[What to work on]
The expected result is an exact restatement of the data, free of pictures.

[Recorded data]
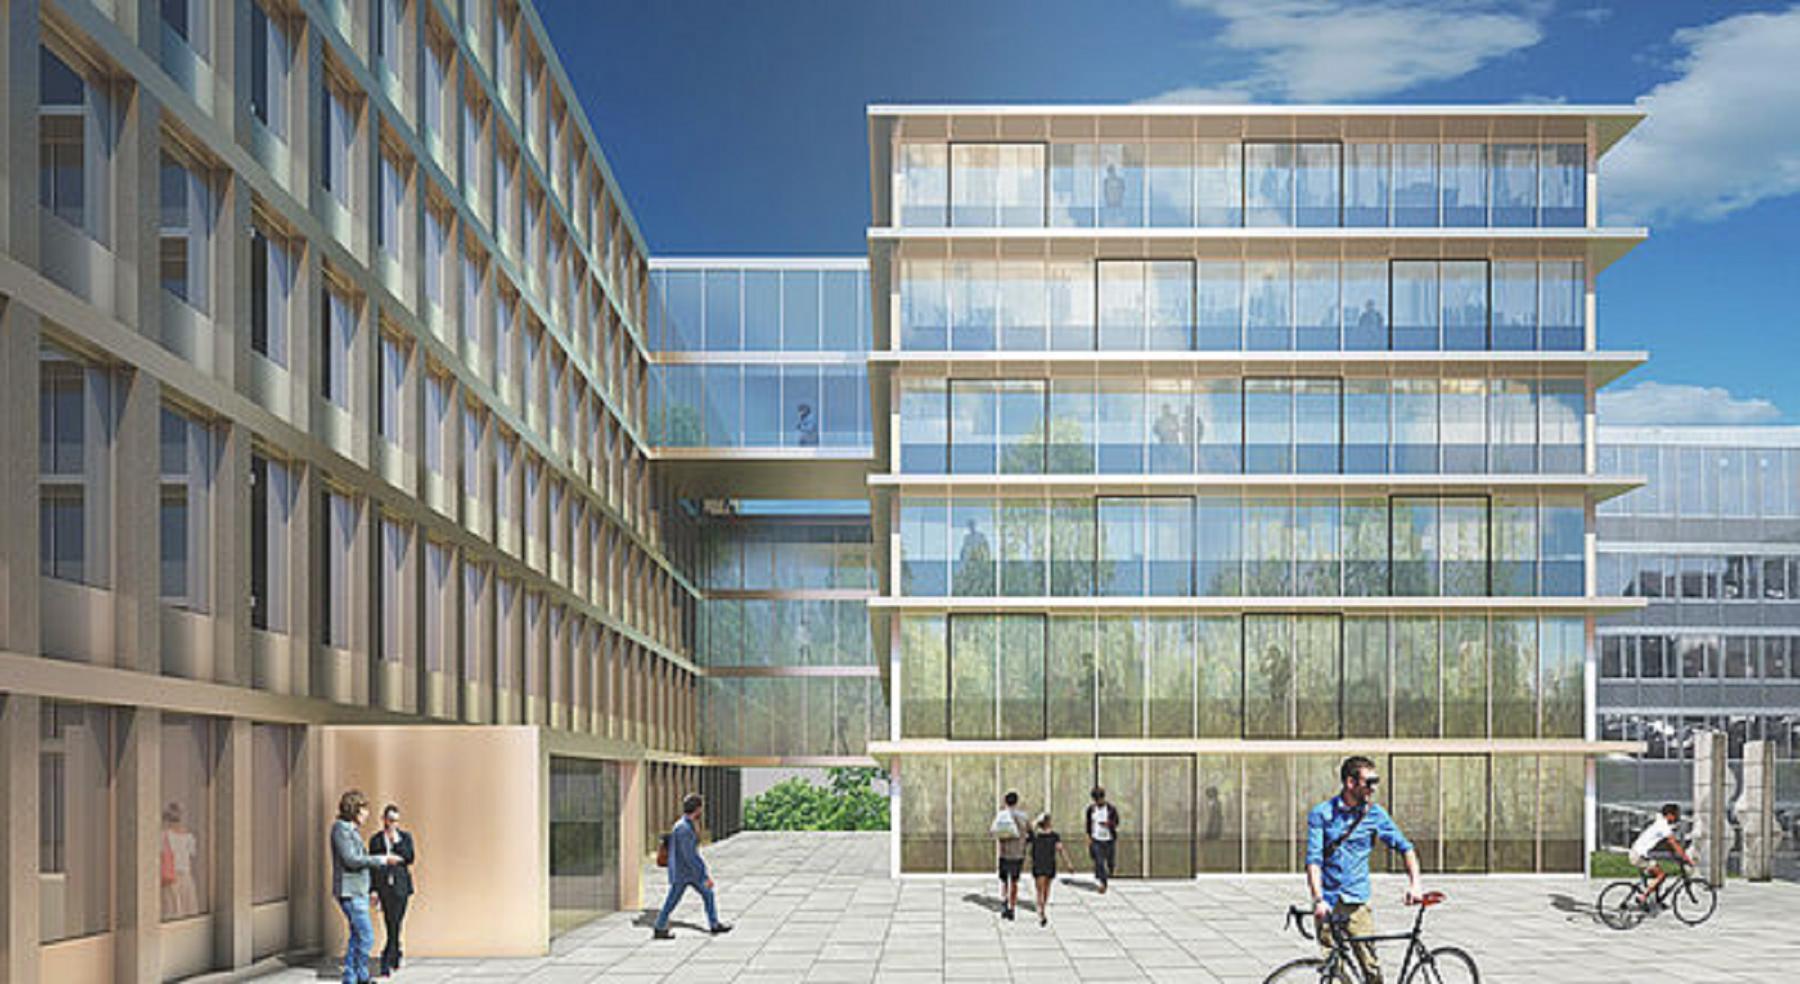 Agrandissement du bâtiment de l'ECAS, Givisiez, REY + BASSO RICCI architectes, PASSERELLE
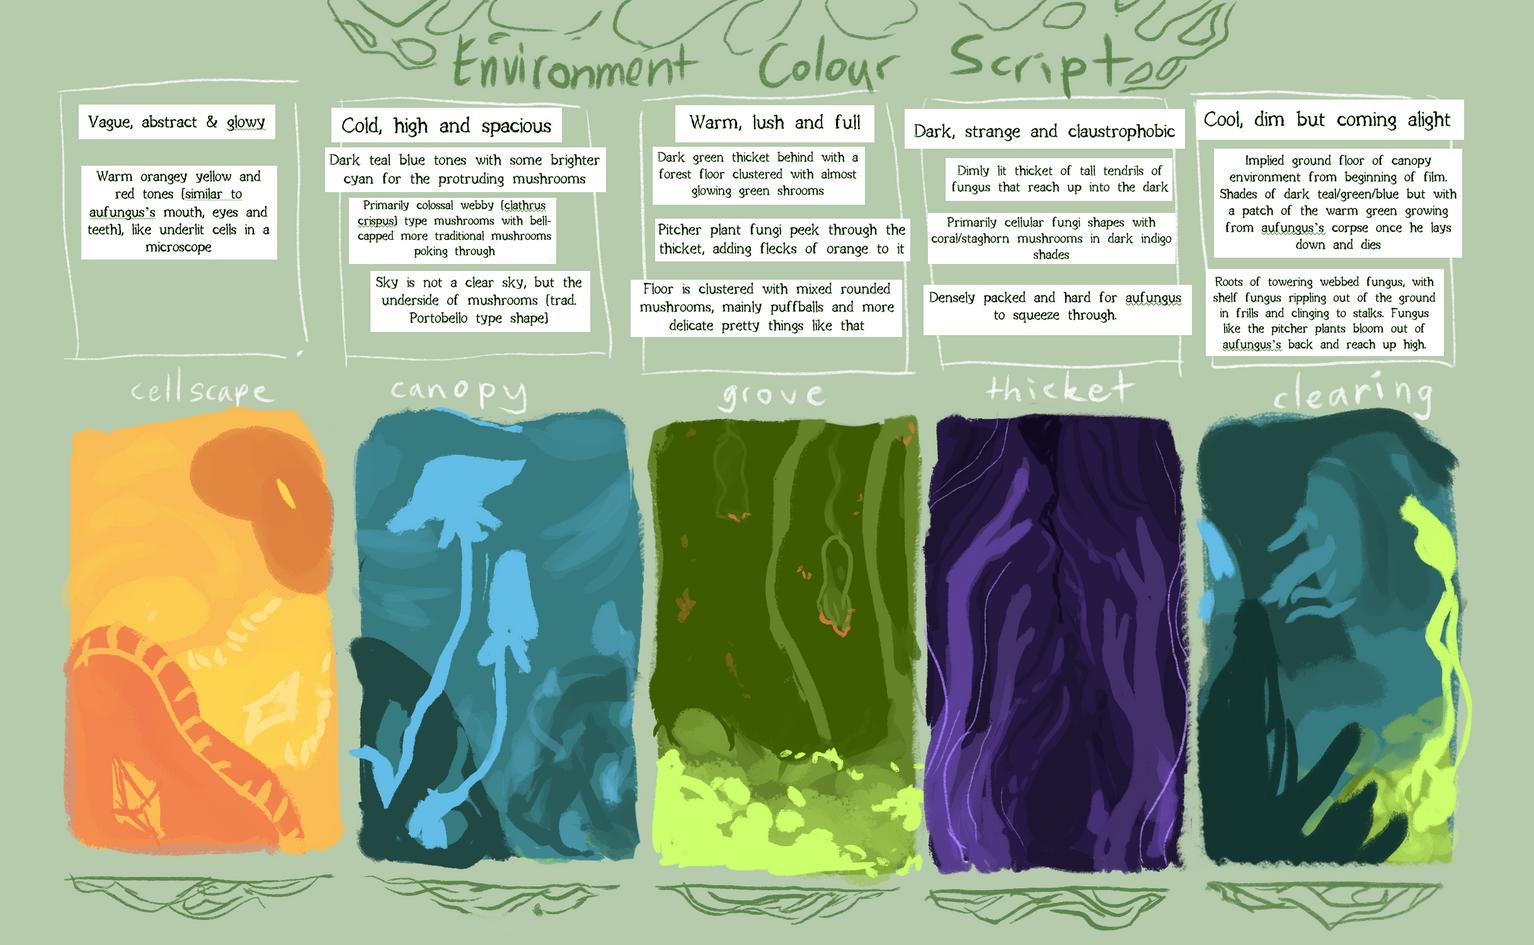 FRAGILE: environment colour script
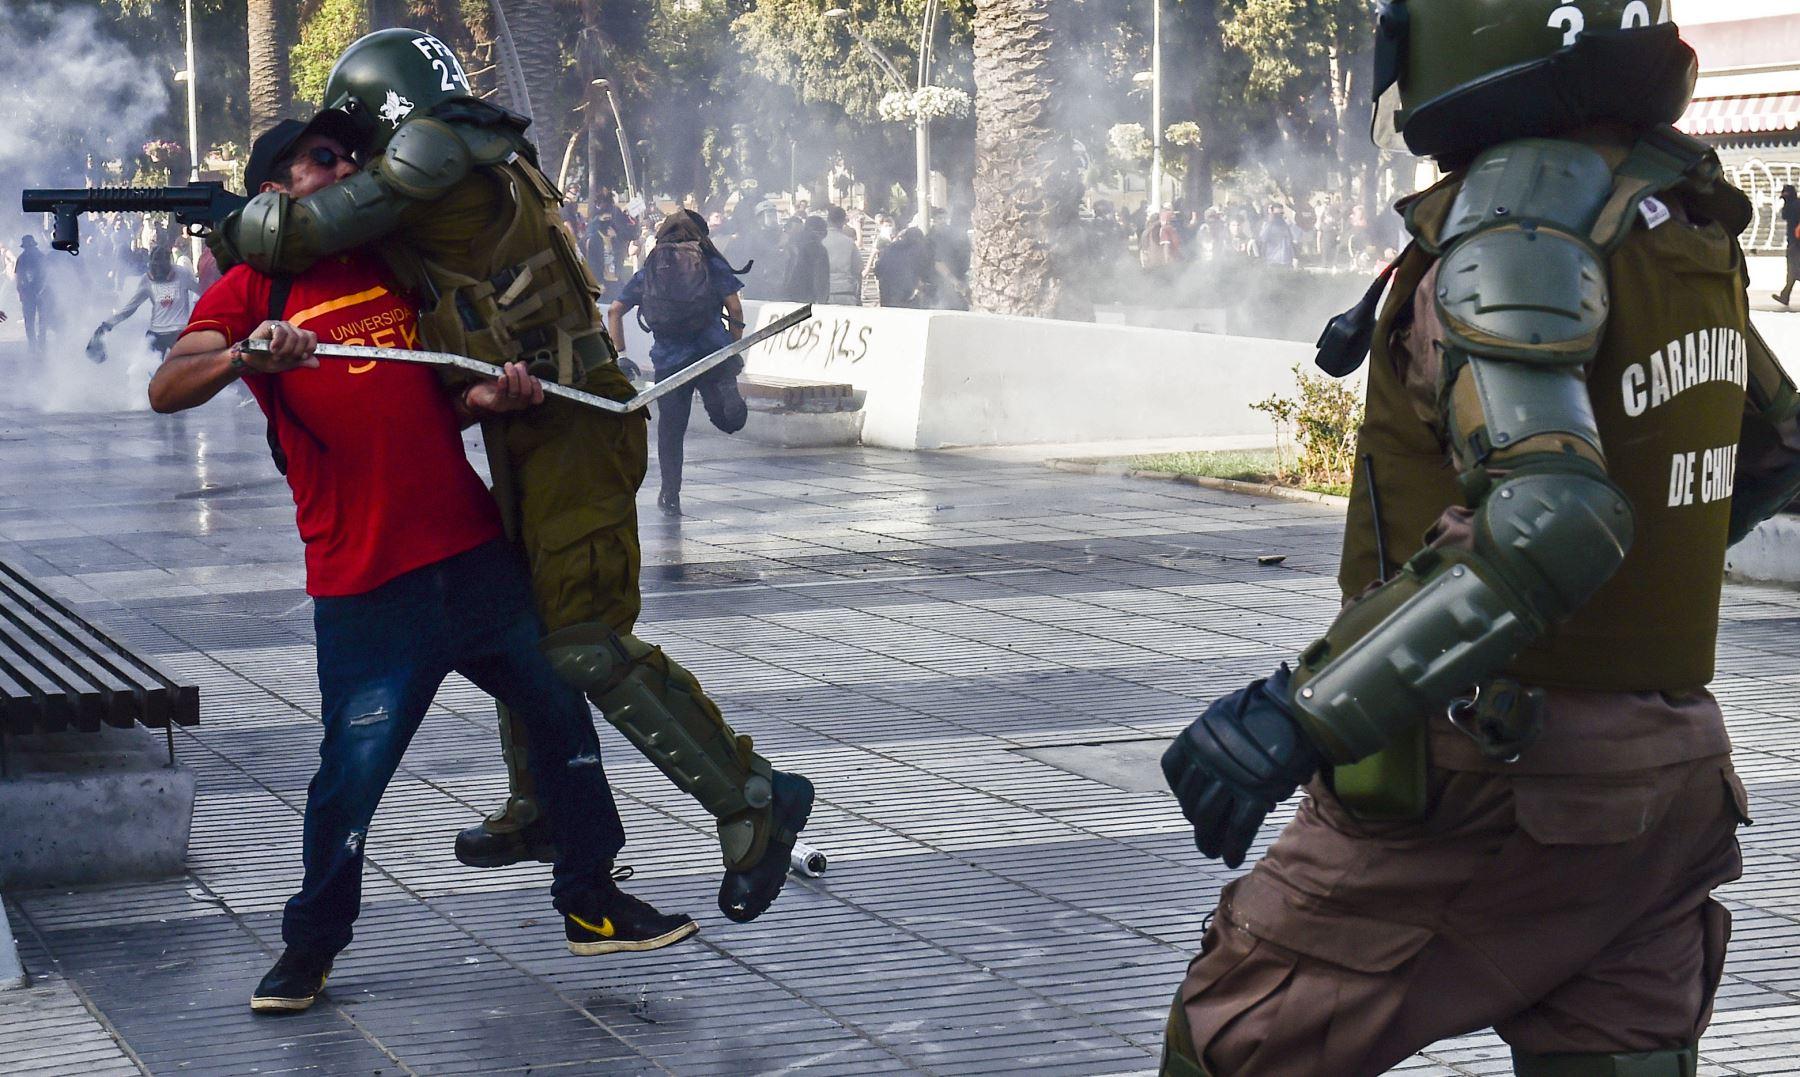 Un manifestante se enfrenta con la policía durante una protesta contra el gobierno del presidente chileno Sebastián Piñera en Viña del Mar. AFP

[Answer to the exercise]
 Agrandissement du bâtiment de l'ECAS, Givisiez, REY + BASSO RICCI architectes, PASSERELLE
 FRAGILE: environment colour script
 Un manifestante se enfrenta con la policía durante una protesta contra el gobierno del presidente chileno Sebastián Piñera en Viña del Mar. AFP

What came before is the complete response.